**Information shown**
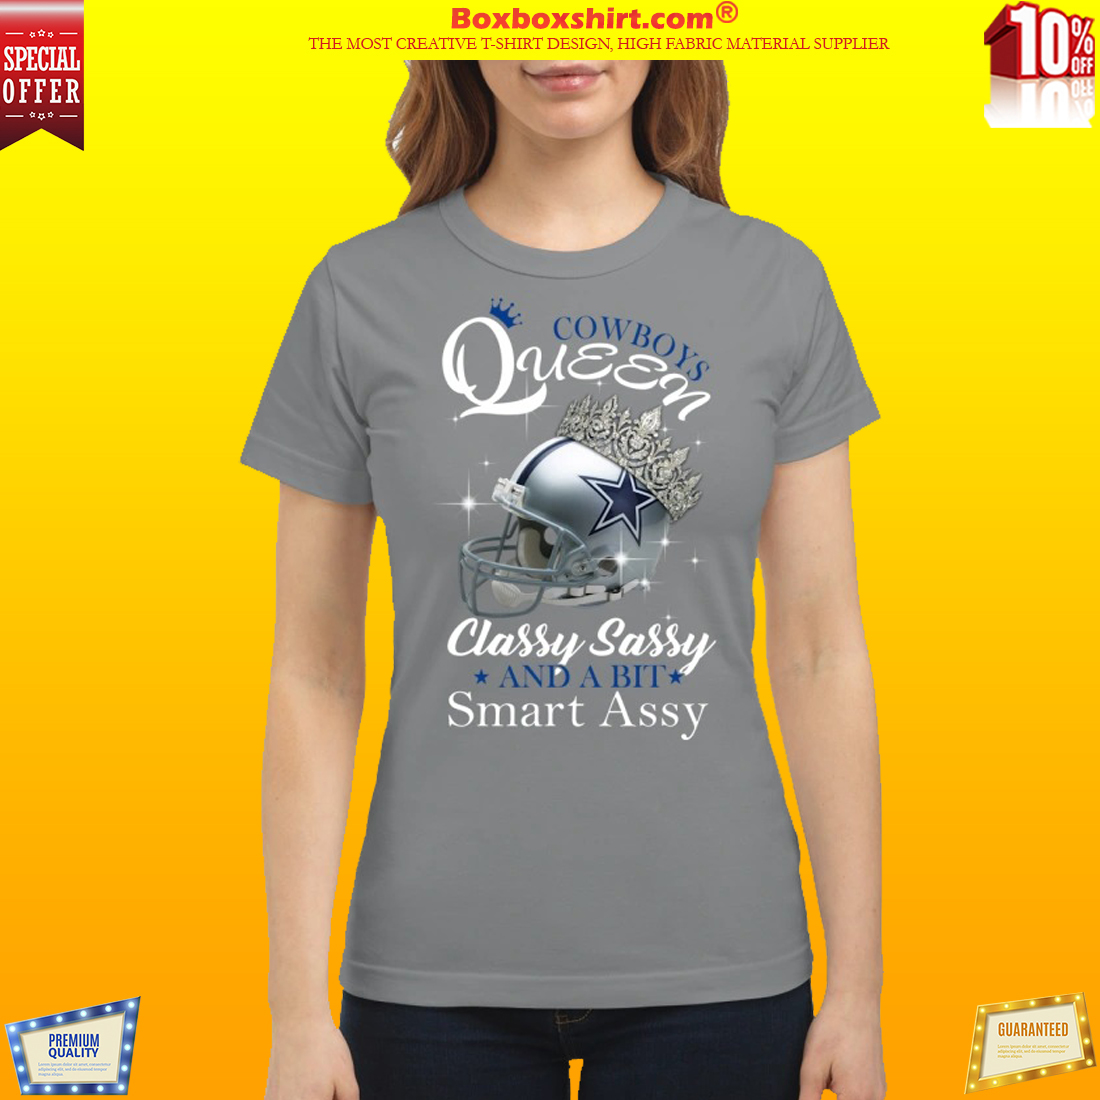 Dallas Cowboys queen classy sassy and a bit smart assy classic shirt
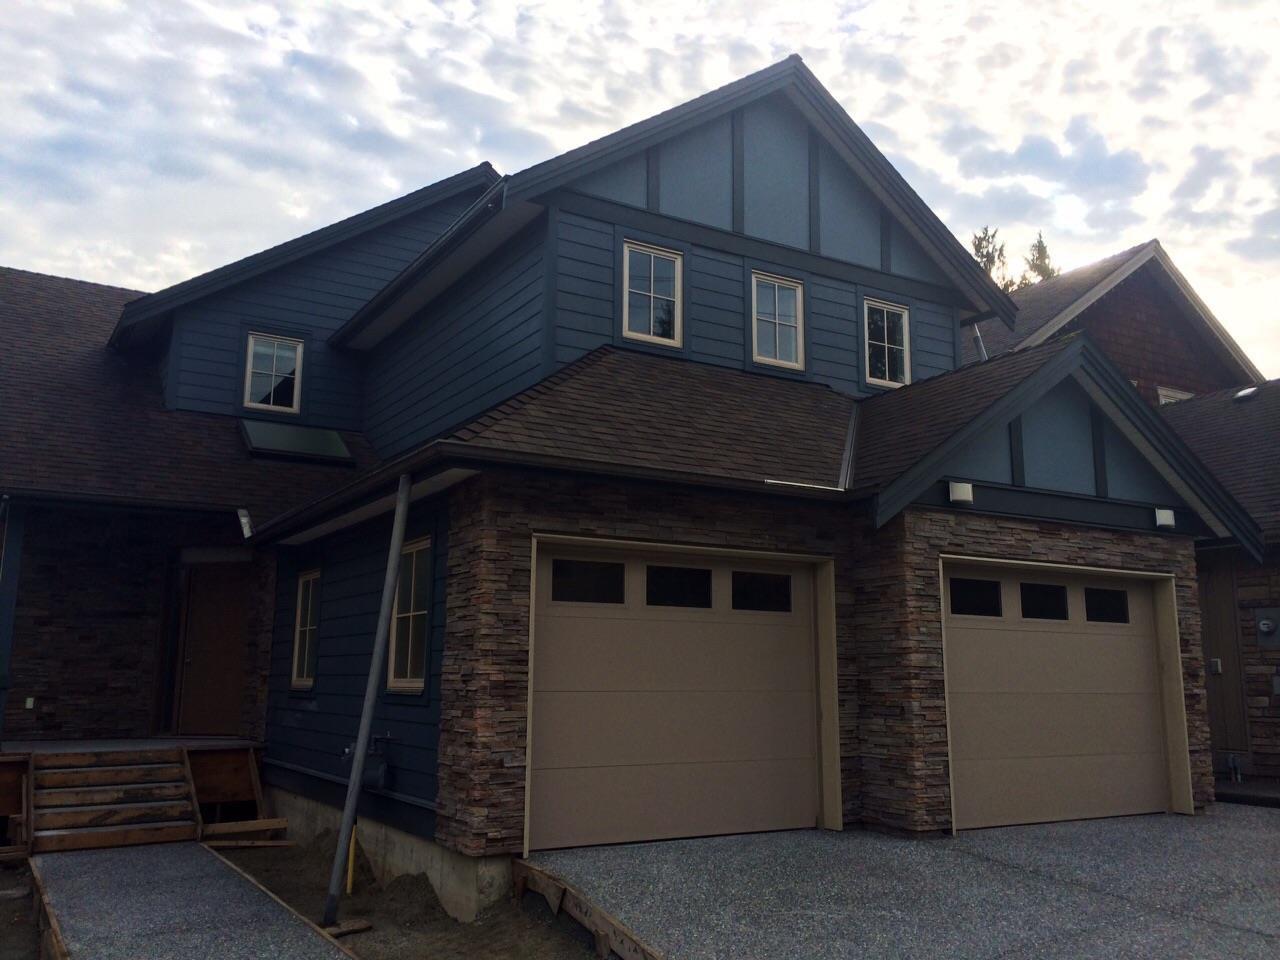 "Photo 2: Photos: 9556 204 Street in Langley: Walnut Grove House for sale in ""Walnut Grove"" : MLS®# R2008701"
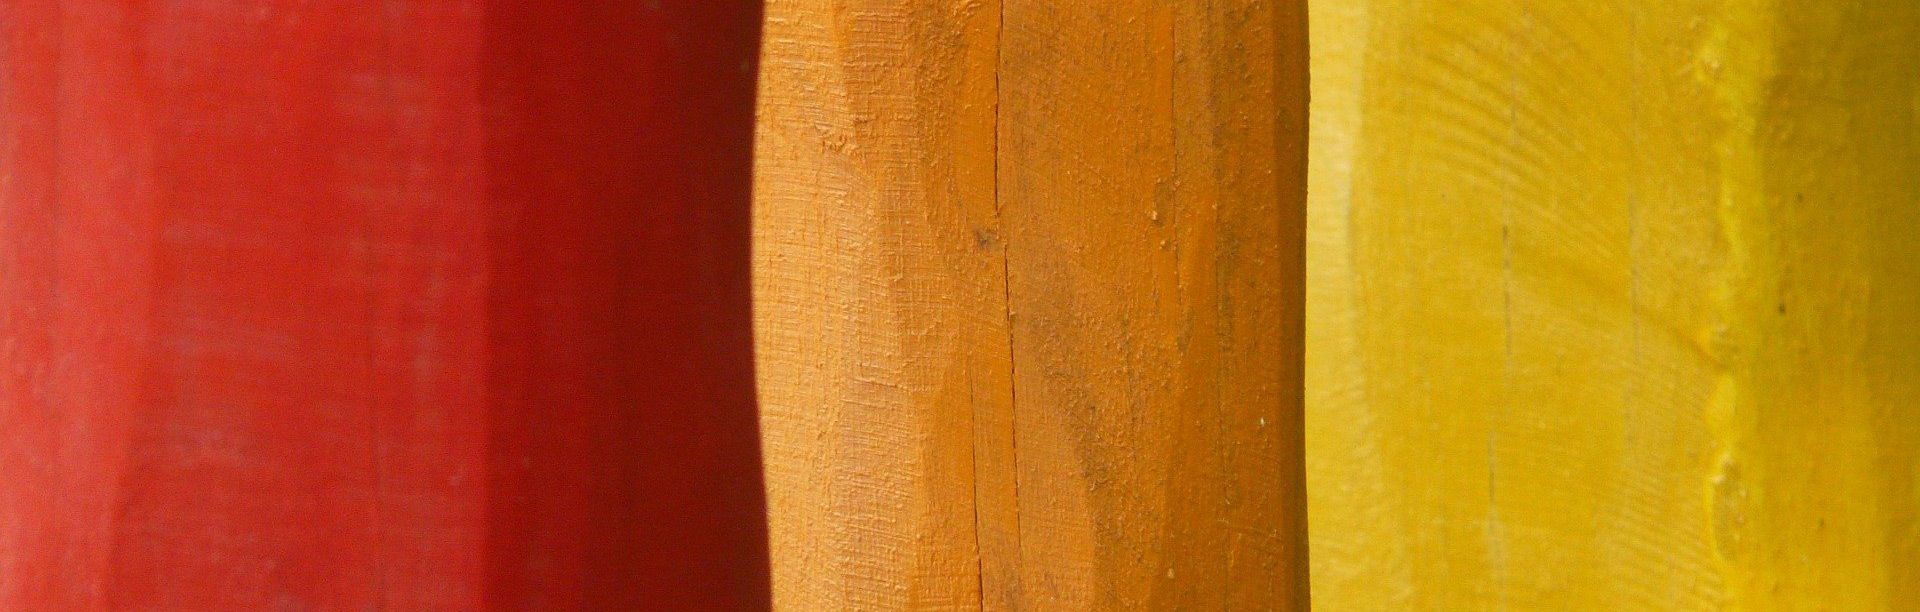 banner eZ Farben Holz

**What the task asks**
Omitting the pictures, write out the material above exactly as it stands.

**Written answer**
 Dallas Cowboys queen classy sassy and a bit smart assy classic shirt
 "Photo 2: Photos: 9556 204 Street in Langley: Walnut Grove House for sale in ""Walnut Grove"" : MLS®# R2008701"
 banner eZ Farben Holz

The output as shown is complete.